= Dominic Green (science fiction writer) =

British writer

Dominic Green (born 1967) is a British writer of short science fiction. His short story "The Clockwork Atom Bomb" was nominated for a 2005 Hugo Award. Green is best known for his stories published in Interzone during the 1990s and 2000s, many of which have been reprinted in various Year's Best anthologies. Interzone published a special issue devoted to Green and his stories in July 2009.

== Biography ==
Green has lived for much of his life in Bakewell and Northampton. He graduated in English from St Catharine's College, Cambridge and works in information technology. He is married to the painter Allyson X. Green and until recently taught Kung Fu part-time.

In 2010, Fingerpress brought out Green's first published novel, Smallworld. In 2011, he electronically published a young adult SF novel, Saucerers and Gondoliers, the first of a series set in and around the fictional United States of the Zodiac, a secret set of colonies in space involved in a struggle for independence from Britain and the United States, as well as political and military intrigue involving the former Soviet colonies and alien/Nazi symbiotes. The series is named after its two primary characters, Anthony Stevens and Cleopatra Shakespeare, two UFO-abducted teenagers from Northampton.

== Bibliography ==
===Short stories===
- "Moving Mysteriously" (Interzone, June 1996, and translated as "Les Mystères de la Sainte-Propulsion", Invasions 99, Étoiles Vives, 1999)
- "Evertrue Carnadine" (Interzone, October 1996)
- "Everywhen" (Interzone, April 1997)
- "The Cozumel Incident" (Interzone, July 1997)
- "King's Chamber" (in the anthology Decalog 5: Wonders, 1997)
- "Queen of the Hill" (Interzone, April 1998)
- "That Thing Over There" (Interzone June 1998. Reprinted in Year's Best SF 4, 1999)
- "Something Chronic" (Interzone, September 2000)
- "Rude Elves and Dread Norse Reindeer" (Interzone, December 2000)
- "Queen of Hearts" (Interzone, November 2001)
- "Blue Water, Grey Death" (Interzone, January 2002)
- "News from Hilaria" (Interzone, May 2002)
- "Send Me A Mentagram" (Interzone November 2003. Reprinted in The Year's Best Science Fiction: Twenty-First Annual Collection, 2004)
- "The Rule of Terror" (Interzone, May 2003)
- "Three Lions on the Armband" (Interzone, Spring 2004)
- "Sherlock Holmes and the Adventure of the Lost World" (BBC Cult website, 2004)
- "The Clockwork Atom Bomb" (Interzone, May 2005 - nominated for a Hugo Award in the Best Short Story category and winner of the 2005 Interzone Readers' Poll.

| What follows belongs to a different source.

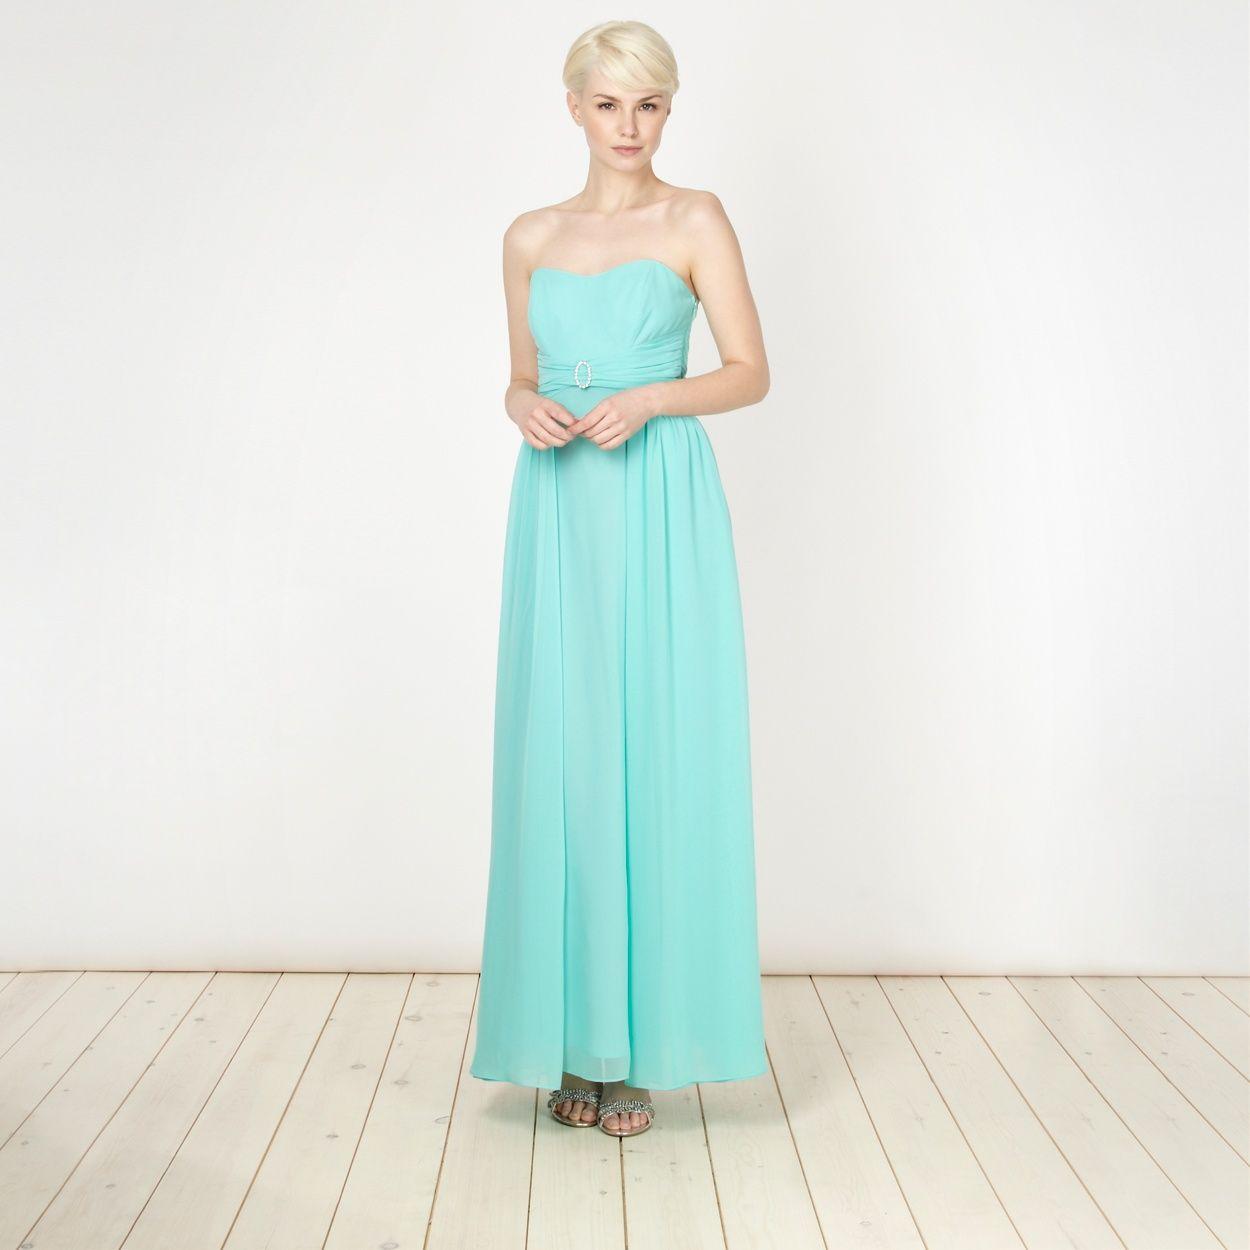 Debut Turquoise diamante buckled maxi dress- at Debenhams.com This ...

Reprinted in The Year's Best Science Fiction: Twenty-Third Annual Collection.)
- "Butterfly Bomb", "Coat of Many Colours" and "Glister" (Interzone, July–August 2009)
- "Shining Armor" (The Solaris Book of New Science Fiction, Volume 2, ed. George Mann, reprinted in Year's Best SF); featured in Locus's recommended reading list

==Novels and series==
- The Space Opera on Mount Ararat series:
  - Book 1 - Smallworld (2010)
  - Book 2 - Littlestar (2011)
- The Ant and Cleo series:
  - Book 1 - Saucerers and Gondoliers (2013)
  - Book 2 - Sister Ships and Alastair (2013)
  - Book 3 - There Ain't Gonna Be No World War Three (2013)
  - Book 4 - Destination Alpha Four (2013)
  - Book 5 - Dog on the Highway (2013)
  - Book 6 - At the Goings Down of the Suns (2013)
  - Book 7 - Time Held Me Green and Dying (2014)
  - Book 8 - The Moon a Ghostly Galleon (2015)
  - Book 9 - Today's Stars for Dinosaurus (2016)
  - Book 10 - Make Omicron Eridani Great Again (2018)
  - Book 11 - On A Small World West Of Wonder (2019)
  - Book 12 - We Have Been in Hell Before (2022)
- Warlords of Llantatis (2014)
- Elder Shepherd (2016)
- Cowboys & Dinosaurs (2016)
- The Marshal College series:
  - Book 1 - Phil and the Death Machine (2017)
- The Big Sis series:
  - Book 1 - Twinkle, Twinkle, Collapsar (2020)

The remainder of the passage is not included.